The Sisters are a group of nomadic she-cats who roam from place to place. They have strong connections to the Earth and the spirit world. They do not allow toms to stay in their group beyond kithood.

=== Squirrelflight's Hope ===
Squirrelflight's Hope details the story of ThunderClan deputy Squirrelflight struggling with her lack of a legacy.

==== Moonlight ====
Leader of the Sisters before Snow. She died protecting her kits.

=== The Broken Code ===

==== Snow ====
Leader of the Sisters.

==Characters not in other groups==

===Tallstar's Revenge===
==== Jake ====
Friend of Tallstar. Father of Firestar and Scourge.

===The Prophecies Begin===
====Barley====

Lived on a farm with Ravenpaw. He was a former member of BloodClan.

====Ravenpaw====
A former ThunderClan apprentice who came to live on a farm with Barley after fleeing ThunderClan in fear of being killed by the first Tigerstar after witnessing the latter's crimes. He was the protagonist of the manga trilogy Ravenpaw's Path, which consists of Shattered Peace, A Clan in Need, and The Heart of a Warrior.

=== The New Prophecy ===
====Midnight====
Badger who has existed since the dawn of time.

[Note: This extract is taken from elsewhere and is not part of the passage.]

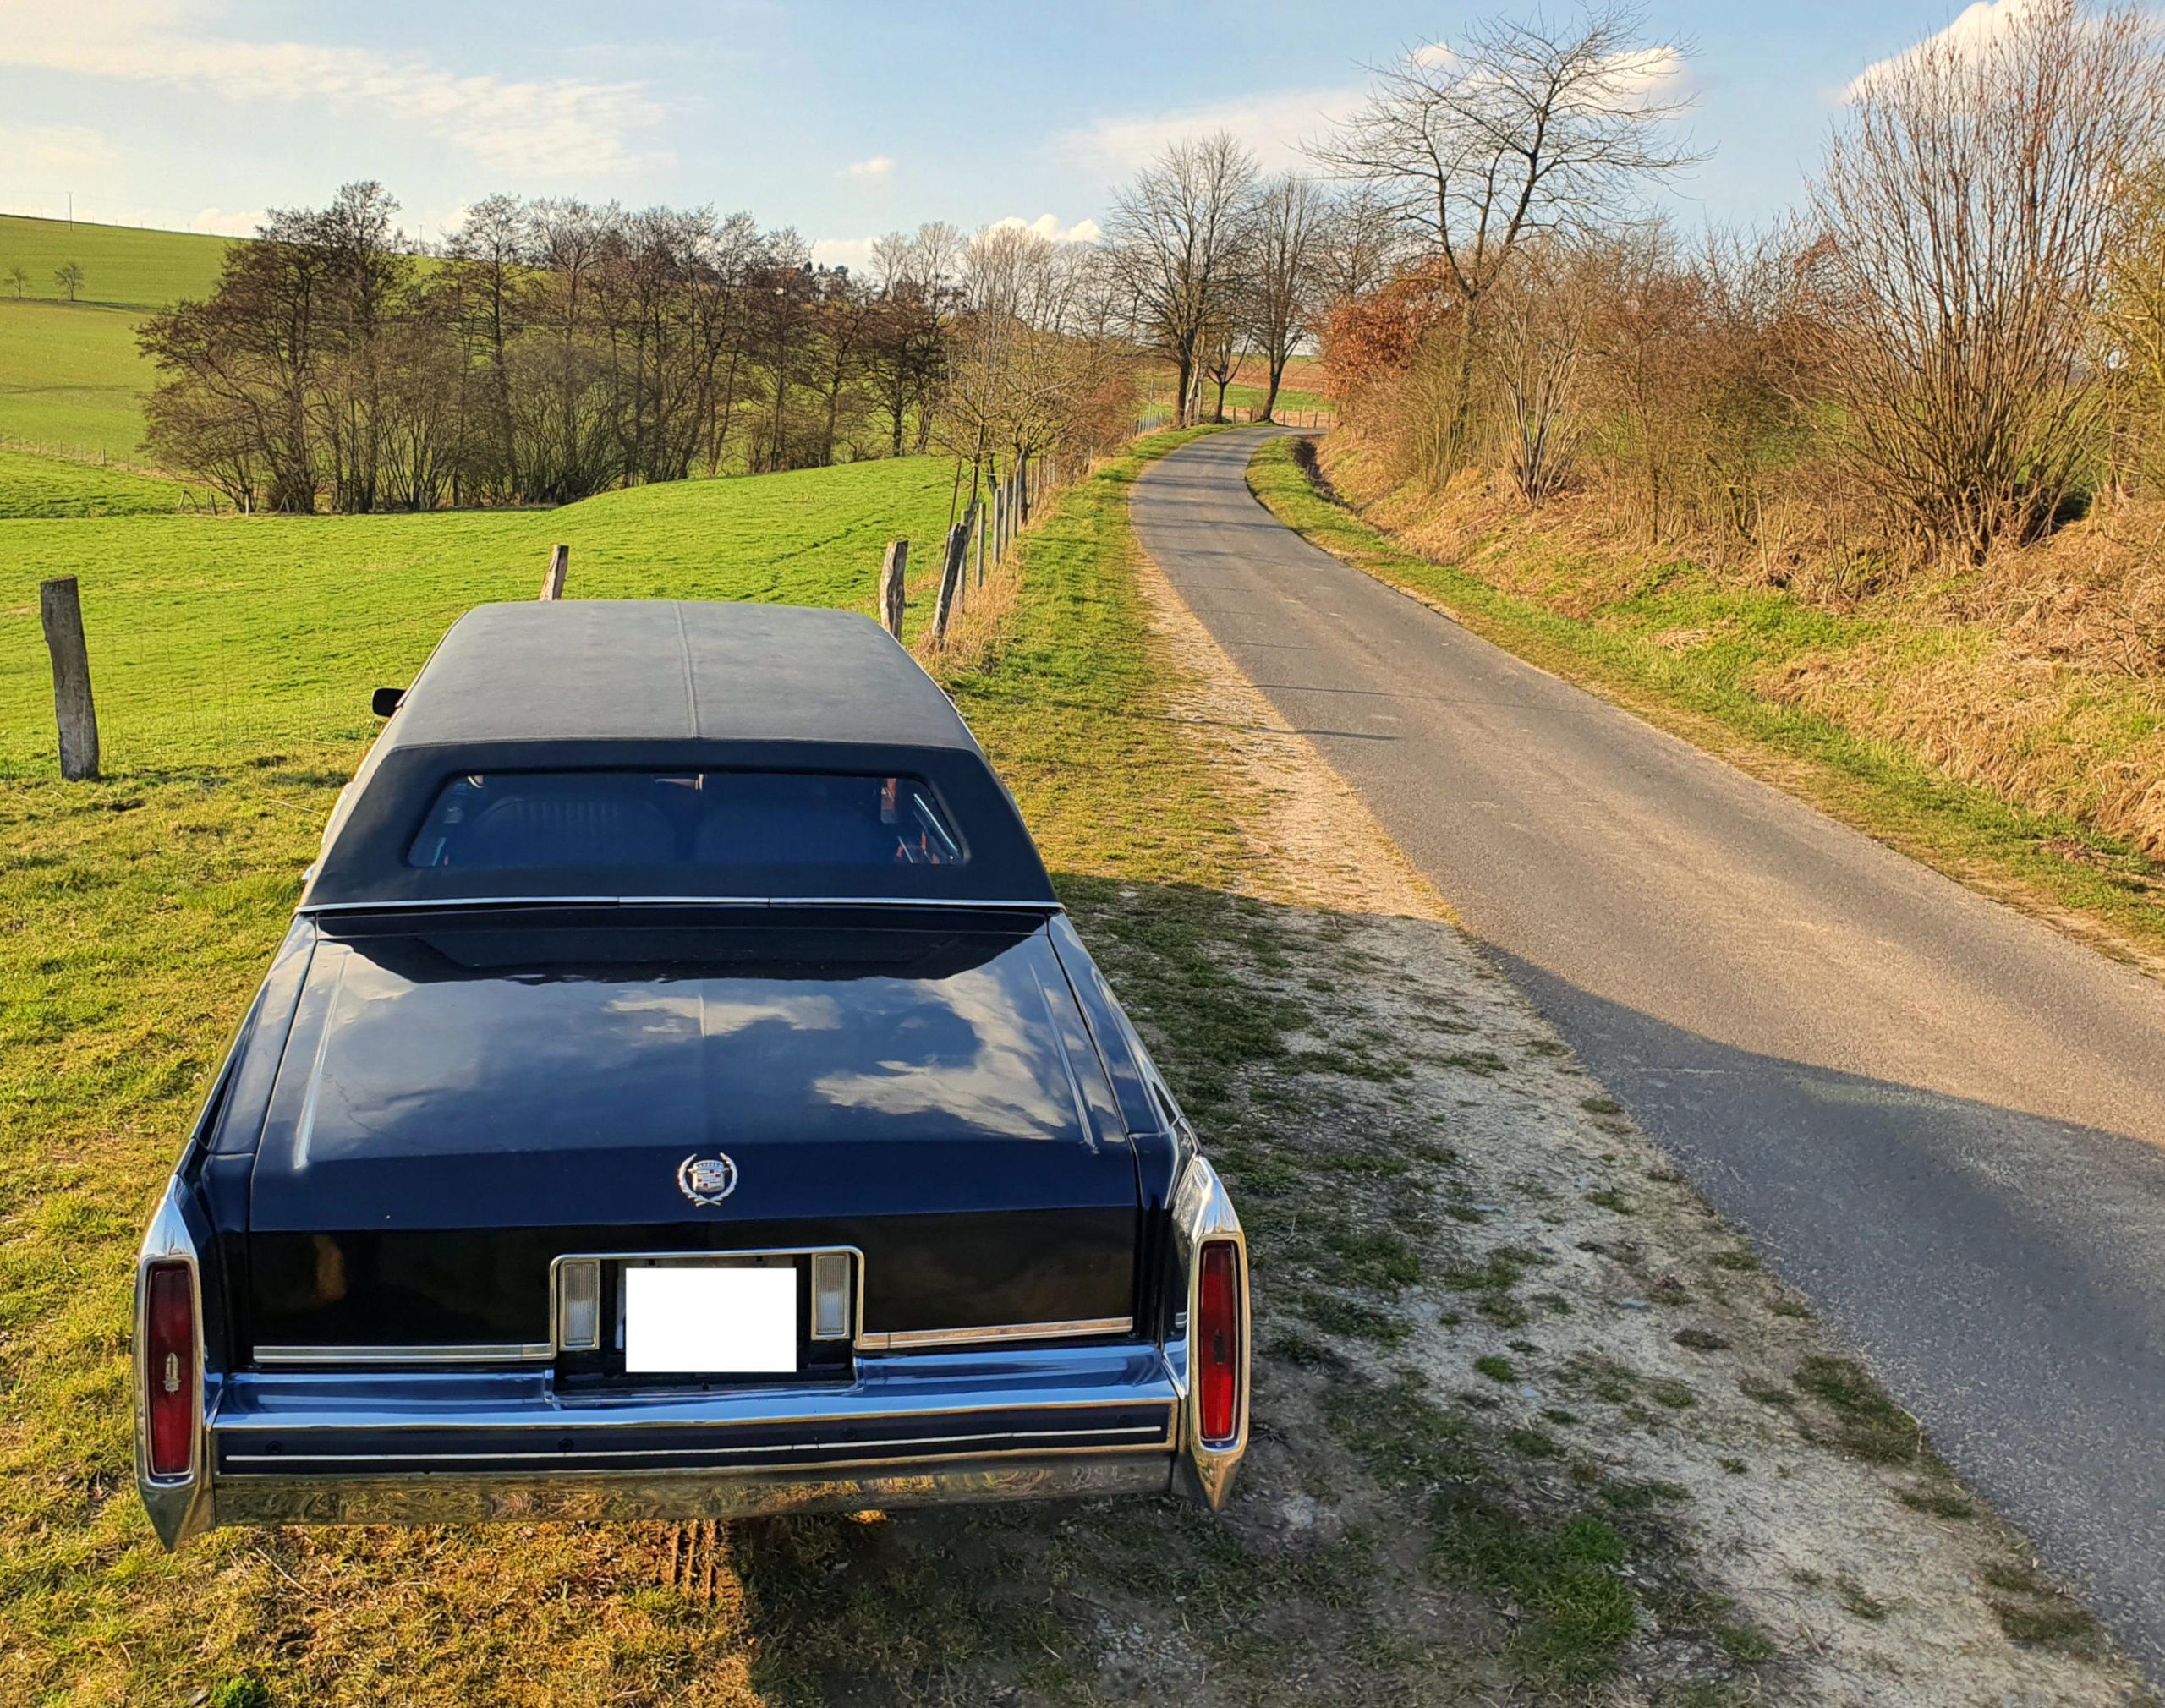 Cadillac Fleetwood Talisman zum vermieten aus Göttingen

She informs the journeying protagonists of The New Prophecy of their forest home's imminent destruction and instructs them on how to find a new home. Unlike other badgers, who cannot communicate with cats, Midnight can speak to cats, as well as rabbits, foxes, and other badgers.

====Sharptooth====
Mountain lion who lived in the mountains and terrorized the Tribe of Rushing Water. He was killed by Feathertail.

===Power of Three===

==== Rock ====
Hairless and blind cat who has existed since the dawn of time. Guides the Clans' destinies.

====Sol====
Formerly a house cat named Harry. After a bad experience with SkyClan at their gorge camp, Sol decided to find the lake Clans and try to disband them.

===A Vision of Shadows===
====Darktail====
Onestar's illegitimate and bitter son. Leader of a group of cats who attacked the Clans and tried to disband them.